Большой театр тоже решил подвести итоги и одновременно сделать на их основе некий «вывод», проверить классику современным прочтением. В Москве прошел Международный фестиваль балета «Век "Весны священной" - век модернизма», куратором которого выступил Павел Гершензон. Длился он без малого месяц: с последних чисел марта по вторую треть апреля. В программу вошли постановки Вацлава Нижинского (1913), Мориса Бежара (1959) и Пины Бауш (1975). Каждая из этих версий была центрообразующей для своего времени, в каждой отразились противоречия и больные вопросы эпохи, в каждой -свой «сакральный» смысл. Также в рамках фестиваля состоялась столичная премьера «Весны священной» (2013) - собственная версия Большого театра, сделанная Татьяной Багановой, хореографом и танцовщицей екатеринбургского театра «Провинциальные танцы».
Фестиваль дал уникальную возможность увидеть на Новой сцене Большого «Весну священную» в оригинальном исполнении Bejart Ballet Lausanne - компании, которую создал Морис Бежар, и Tanztheater Wuppertal Пины Бауш.

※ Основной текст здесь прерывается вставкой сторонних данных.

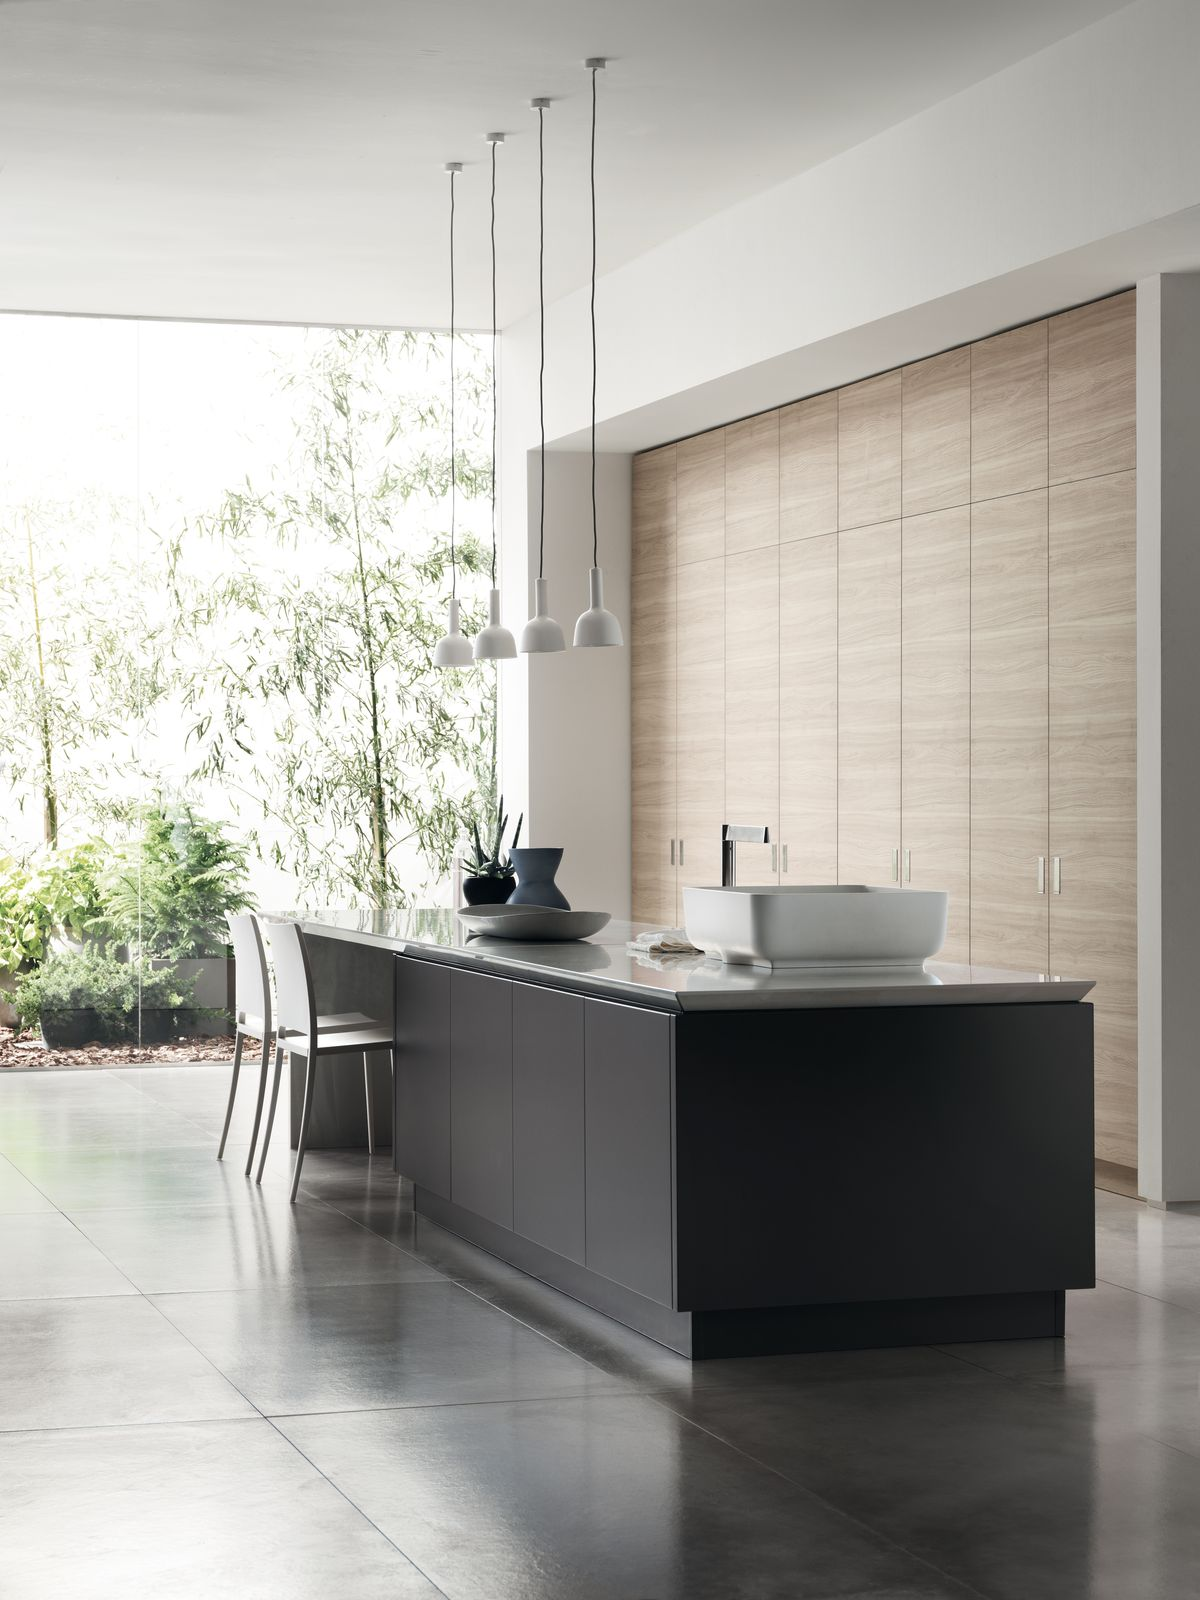 Scavolini kitchen environment Ki collection, design Nendo

Серьезную работу - реконструкцию балета Нижинского - проделал Финский Национальный балет.
Кроме балета, вынесенного в название фестиваля, в программу вошли премьерный спектакль «Квартира»: шведский хореограф Матс Эк сделал его с артистами Большого театра. Правда, и здесь есть отсылка к балету Стравинского: Эк - автор значимой версии «Весны священной» 80-х. И еще фестивальная афиша включила несколько одноактных балетов. Швейцарская компания показала балеты Бежара «Кантата 51» и «Приношение Стравинскому» и постановку Жиля Романа «Синкопа». Финны представили балет Иржи Килиана «Bella Figura» и балет Йормы Эло «Double Evil». Но все же основной интерес оказался сосредоточен вокруг сценической истории партитуры Стравинского.
Концепция балетного фестиваля Большого театра - ретроспектива выдающихся постановок. Казалось бы, пред нами те знаковые примеры театральных, культурных, социальных явлений ХХ века - не единожды виденные, о которых уже все сказано-пересказано и написано.
Но в данном случае весь смысл события как раз в этой его
ретроспективности - возможности посмотреть сегодня, уже на расстоянии, назад. Присмотреться, к чему же в итоге вели все эти пути и направления, на что указывали векторы и к чему подводила отмеченная заданность: «век модернизма».
Парижская премьера «Русских сезонов» в театре Елисейских полей обернулась грандиозным скандалом. В буквальном смысле битва,
которая развернулась в зрительном зале, в то время как на сцене шел спектакль, давно стала одной из хрестоматийных глав истории культуры. Освистанные артисты; музыка, которую заглушали крики зрителей; Дягилев, дававший приказания осветителям то зажигать, то тушить свет в зале; публика, озверевшая от нестерпимых неблагозвучий и тяжких ритмов...
«Квартира». Большой театр. Сцена из спектакля
Мария Александрова, Александр Смольянинов. «Квартира». Большой театр
Диана Вишнева, Денис Савин. «Квартира». Большой театр
Pro настоящее
Интересно, что 1913-й вообще оказался отмечен таким «варварством»: в этом же году, на месяц раньше премьеры «Весны священной» концерт Шенберга в Золотом зале венского «Музикферайна» закончился настоящим публичным мордобоем. Видимо, витавшие в воздухе непривычные диссонансы пробуждали в благополучной буржуазной и светской публике, господах во фраках и дамах в кринолинах какие-то потаенные животные инстинкты. Вспоминая премьеру «Весны», Николай Рерих предположил, что в этот самый момент люди находились в состоянии внутренней экзальтации и выражали свои чувства, как самые примитивные дикари из племен. Правда, с точки зрения Рериха, этот дикий примитивизм не имел ничего общего с утонченным примитивизмом наших предков, для которых ритм, священный символ и утонченность жеста были великими и святыми понятиями.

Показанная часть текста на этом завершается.